ASPİRİN
Aspirin Asetil salisilik asitten (CgH8O4) ibaret bir müstahzar, ateş düşürücü ve ağrı kesici olarak kullanılan beyaz renkli haptır.
Türkiye'de reçetesiz satılan aspirinin her türlü ağrıya karşı kullanımı çok yaygındır. Salisilik asit, bir cins söğüt ağacının bitki özünde, keçisakalı bitkisinin (Spiraea ulmaria) çiçeklerinde, keklik üzümü yağında tabii halde bulunur. Salisilik asidin asetil türevine (kimyasal olarak formülüne asetil kökü getirilmiş olanına) aspirin denildi.
Aspirin ilk olarak 1853 yılında Carl Gerhardt tarafından elde edildi. Tıbbi özellikleri ise 1899 yılında Heinrich Dresser tarafından keşfedildi.
Aspirinin kullanıldığı yerler:
1. Ateş düşürücü ve Ağrı kesici olarak son derece yaygın kullanılır.
2. Damar içi pıhtılaşma meylinin görüldüğü durumlarda, bu pıhtılaşmayı önlemek için kullanılır. Bu durumlar üç ana gruptur:
- a) Damar duvarı arızaları: Frengi, damar sertliği, tromboflebit, yaralanma ve ezilmeler.
- b) Kan akımının yavaşlaması: Kalb yetmezlikleri, siroz, varisler, şoklar.
- c) Kan muhteviyatının değişmesi: yetersiz oksijen, Siroz, gebe ve lohusaların ameliyatları, bazı habis tümörler, iltihabi hastalıklar. Bu durumlarda aspirin, damar içi pıhtılaşmayı önlemede koruyucu olarak kullanılır.
3. Romatizmal hastalıklarda kullanılabilir; ancak tedavi edici dozunda yan etkiler fazla olduğundan bugün tercih edilmez.

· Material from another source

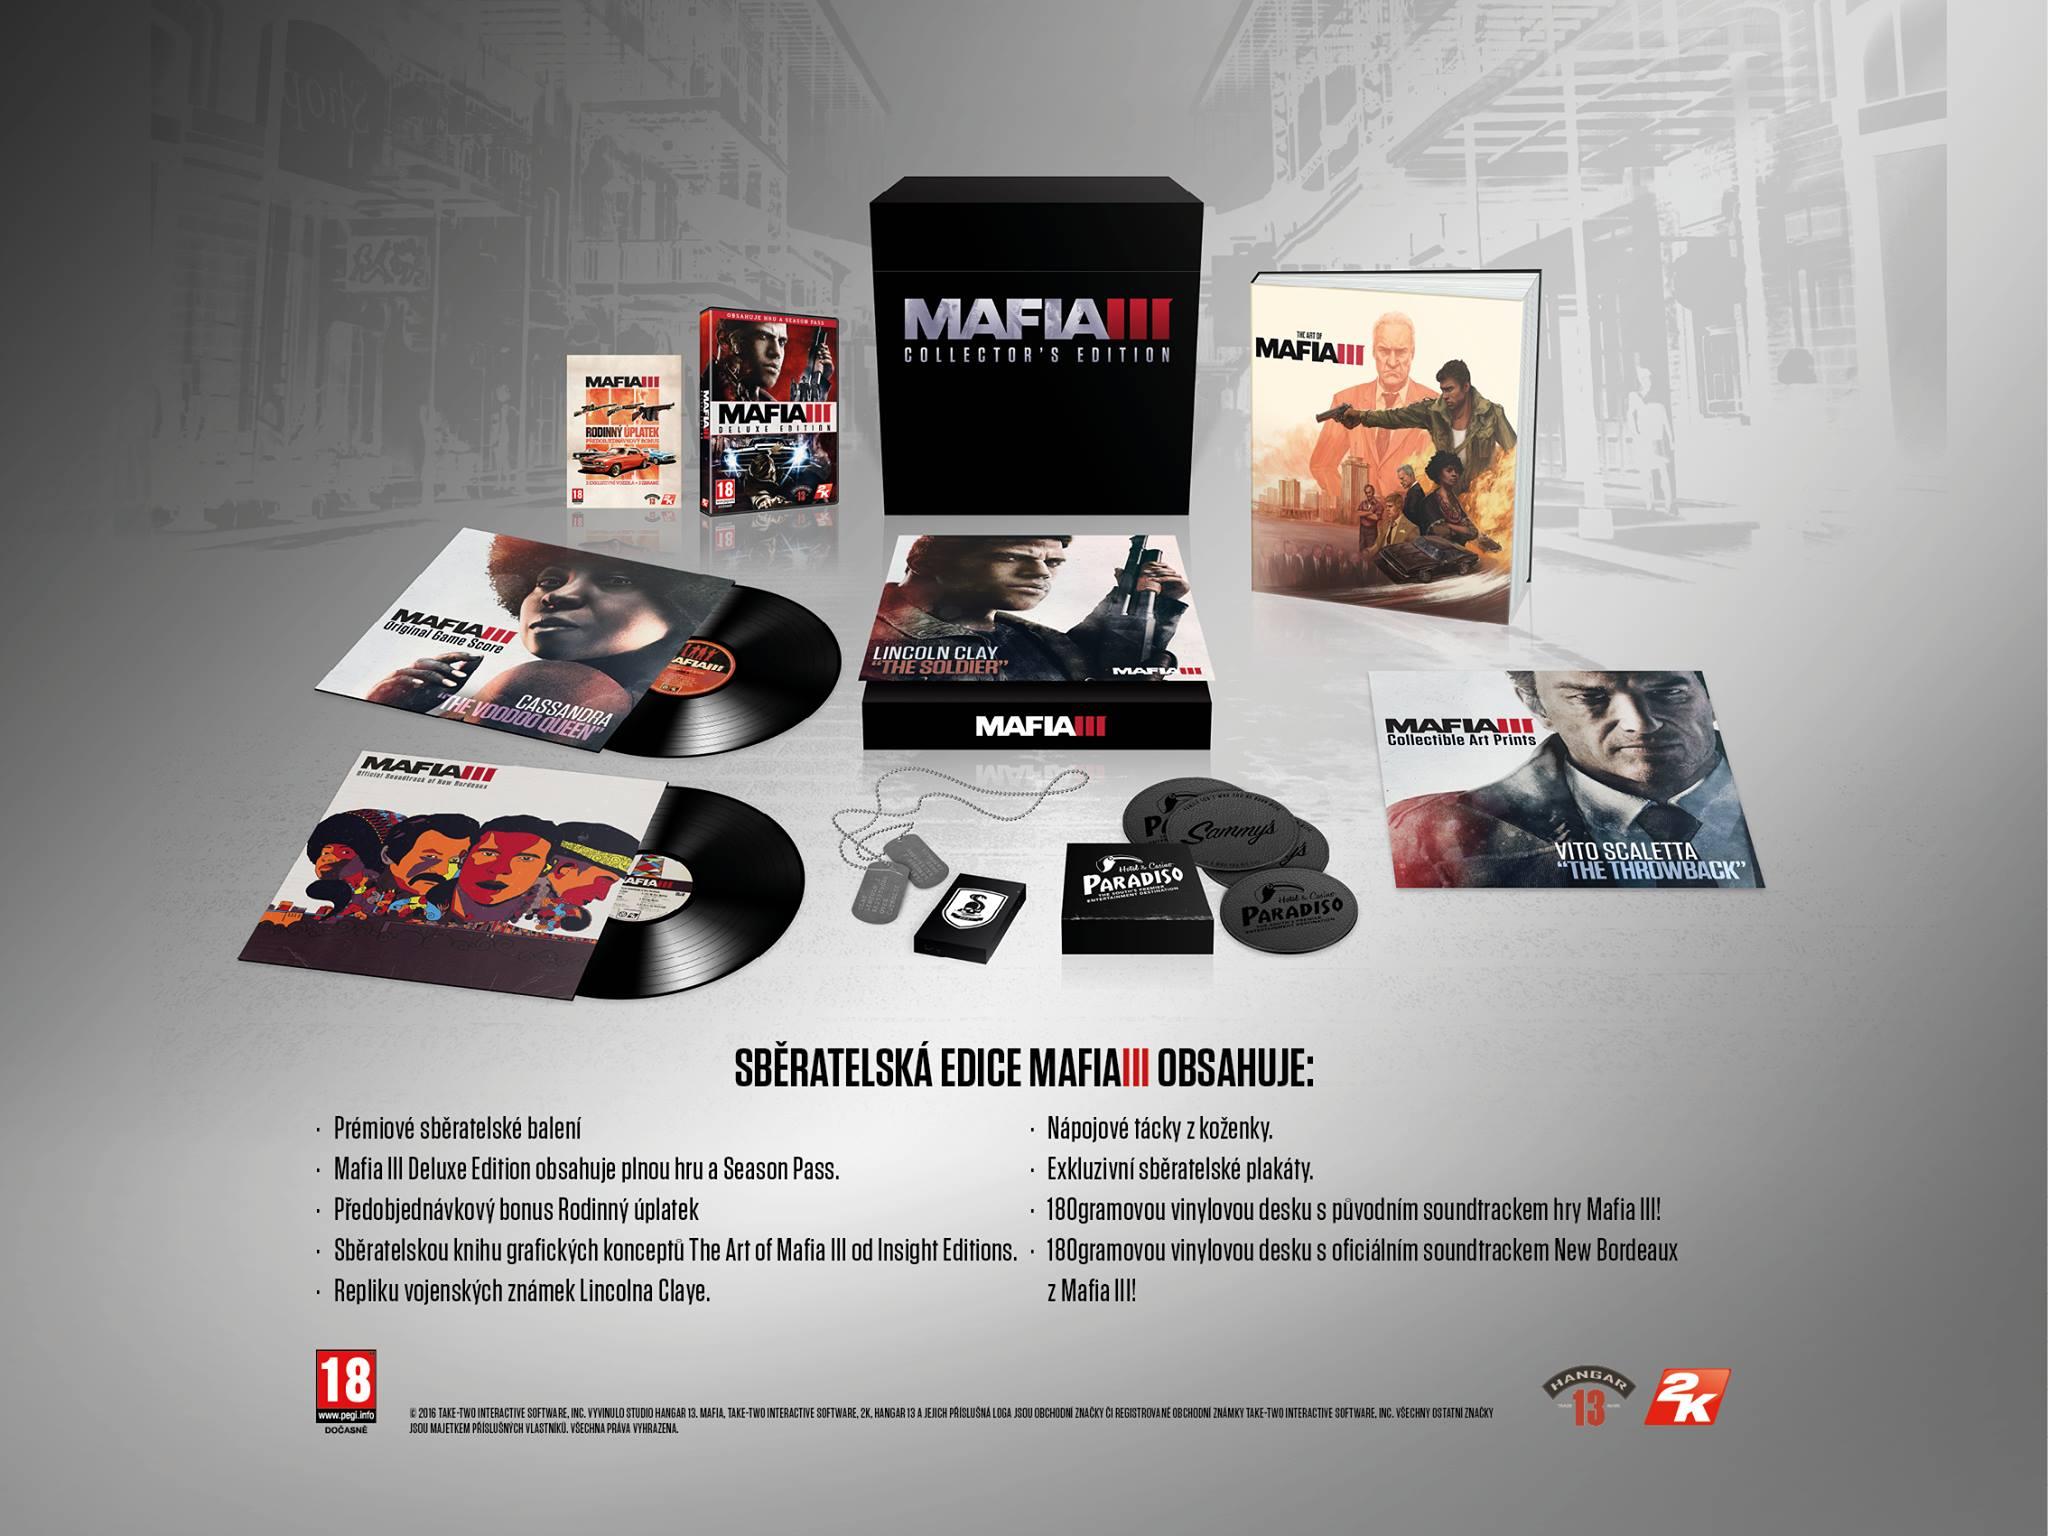 Mafia 3 - sběratelská edice

Aspirinin yan etkileri: Akciğerlerde hava yollarını daraltır, Midede kanamalar yapar. Aspirine karşı vücutta allerji olabilir, kan pıhtılaşma zamanını yükseltir ve kanamalara sebeb olabilir. Beynin bazı bölgelerini uyararak bulantı ve kusma yapabilir, bazı ilaçların etkilerini, dolayısıyla yan etkilerini arttırır.
Kullanılmadığı yerler: Mide ve oniki parmak barsağı ülserleri, kan pıhtılaşmasını sağlayan trombositlerin çok azaldığı durumlar, böbrek ve karaciğer yetmezliği, allerjik astım, iç kulak arızaları.
Salisilat zehirlenmesi: Yüksek doz aspirin veya salisilat derivesi alındığı zaman ortaya çıkan belirtilerdir. Bu belirtiler:
- Aşırı nefes alma,
- Baş dönmesi,
- Bulantı, kusma,
- Kramplar,
- Kulakların uğultusu,
- Görme ve işitme bozukluğu,
- Şaşkın ve dağınık bir hal.
Zehirlenme ağırsa, bu belirtilere kaba bir titreme, aşırı ateş, çırpınma, müthiş ter boşaltma, ileri derece nefes darlığı, vücutta su azalması, koma eklenebilir.
Zehirlenme tedavisinde yapılacaklar: Teneffüs edilen gaz karışımına % 5-10 karbondioksit katılır. Toplardamar yoluyla sodyum bikarbonat verilir. İdrar söktürücüler verilir. Delilik ve çırpınma (ihtilaç) hali çoksa; piperidon, haloperidol adlı ilaç maddeleri verilir.